So it seems like today was the easiest part. Now the dreaded two week wait (2WW) has begun. Although, it shouldn't be two weeks, maybe only 9 days or so, since I'm already five days past ovulation (5DPO). They told me to come in for a beta pregnancy test on 8/12, but I'll call Nursey P on Monday to make sure that's right, because it doesn't add up. I just have to resist the urge to obsess over every single twinge and resist peeing on anything that's not nailed down.

Did I mention I hate waiting?

I'm going to assume that I'm Pregnant Until Proved Otherwise (P.U.P.O. for short), because it's better on my mental state. I'm trying to stay positive and just take it easy. At this point, it's either gonna happen, or not.

But, I have a feeling that it will be a hard-fought battle.

Friday, July 29, 2005

Mission Accomplished!

I finally got the bitchy lady at the clinic on the phone this morning. She tells me that she "didn't have a chance to look into" my phone call yet (in a snotty tone)-wtf?. What-EVER. She told me that the letter was the breakdown of charges that the insurance company is being billed, and it is just for my reference. Perhaps they should state that in the letter, instead of saying that they want you to sign something that says "I/We understand that I/we are responsible financially for the following procedures." Doesn't sound like it's a summary for the insurance company, does it? Pa-leeze. And, unfortunately, people who aren't on top of things (ie. anally retentive like me) would pay the clinic directly and maybe get reimbursed when the clinic reconciles their books. Hey, she told me that I didn't have to cough up any $$, so that's okey-dokey with me!

So, tomorrow's the big day. I'm starting to freak out a little bit......okay, a lot of bit. I just don't want to get there and be told that sorry, none of the embryos survived, too bad. I think that I would have to be admitted into the psych ward. Not to mention, the Medrol and Doxycycline are doing a number on my lower digestive tract-holy SHIT, the GAS! And the pooping situation ain't much better (sorry if it's TMI, but it's unfortunately part of the deal-so get over it). Urgh. Plus my stomach hurts and I'm bloating a bit-I realized it last night as I put on the petticoat that goes with my costume, and I couldn't button it around my waist (and that's with a corset on underneath!)-sheesh. I just need to suck it up and deal.

We had some major drama last night at the show-I really can't write about it now, as it still upsets me every time I think about it, but suffice it to say that it's serious. And not just the usual "Di-VA is acting like an asshole/who fucked up" kind of thing. I will write about it more later on today, when I can sort of talk about it more.

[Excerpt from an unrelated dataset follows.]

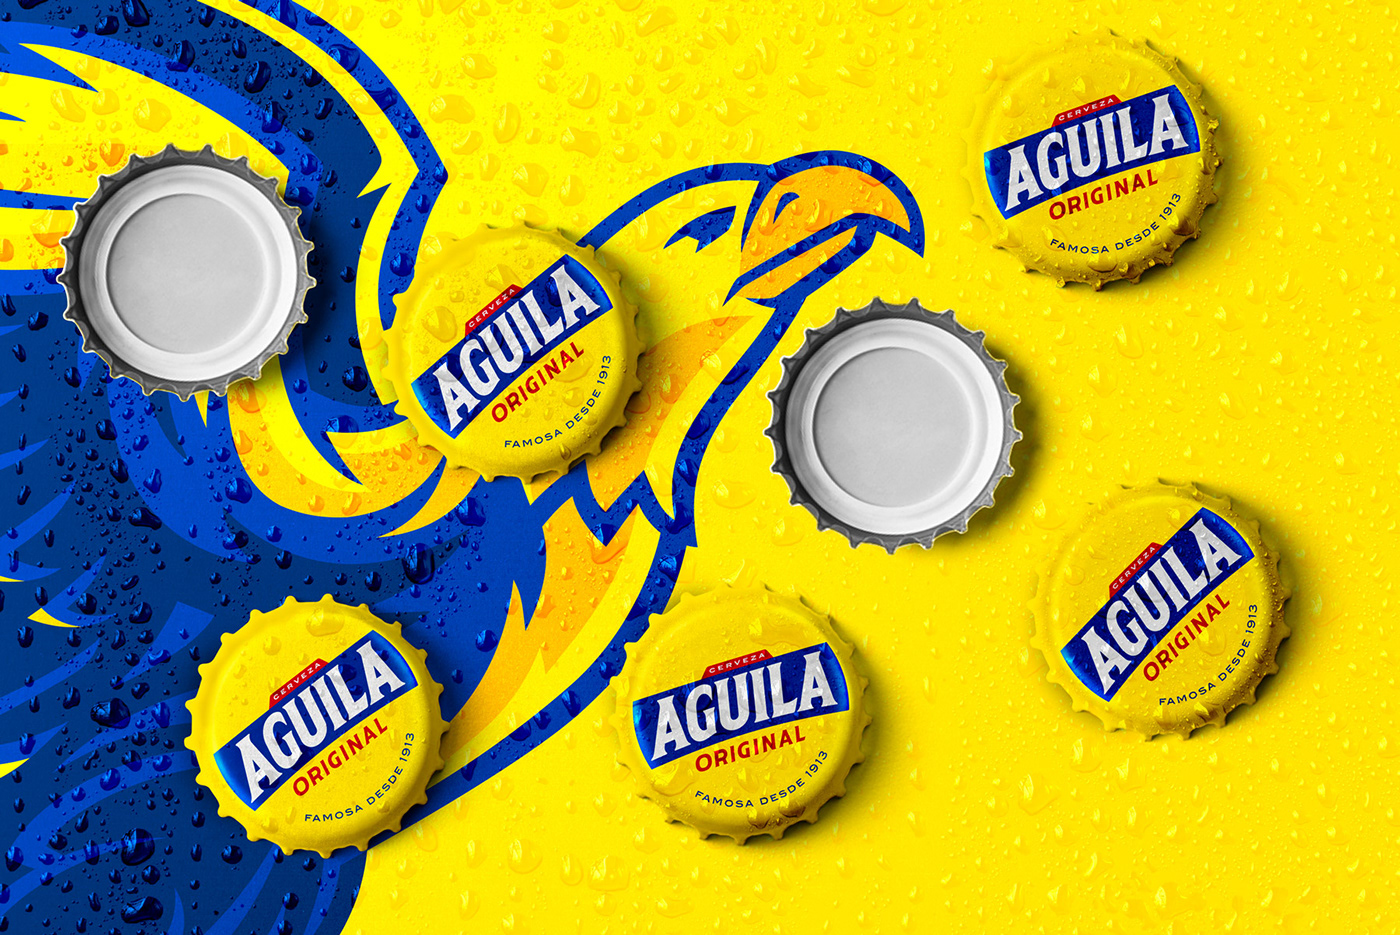 beer aguila colombia Sabrosura barranquilla Packaging bottle can yellow Rebrand

T-minus 23 hours to transfer.

I'm not being too obsessive about this, am I?

Thursday, July 28, 2005

Why Can't People get their Heads out of their Asses?

Today certainly seems like the day that people are getting the insurance shaft. Cat mentioned in her blog today that she's been dealing with half-assed insurance reps and admins in the RE's office all week, so I think that it's contagious or something. Dealing with insurance and dim-witted personnel really sends me over the edge-granted, Cat's drama has been a week-long event (sorry, girl-I hope it straightens out for you), and mine just a day-outing in comparison, but I've been there in the past, and it really blows.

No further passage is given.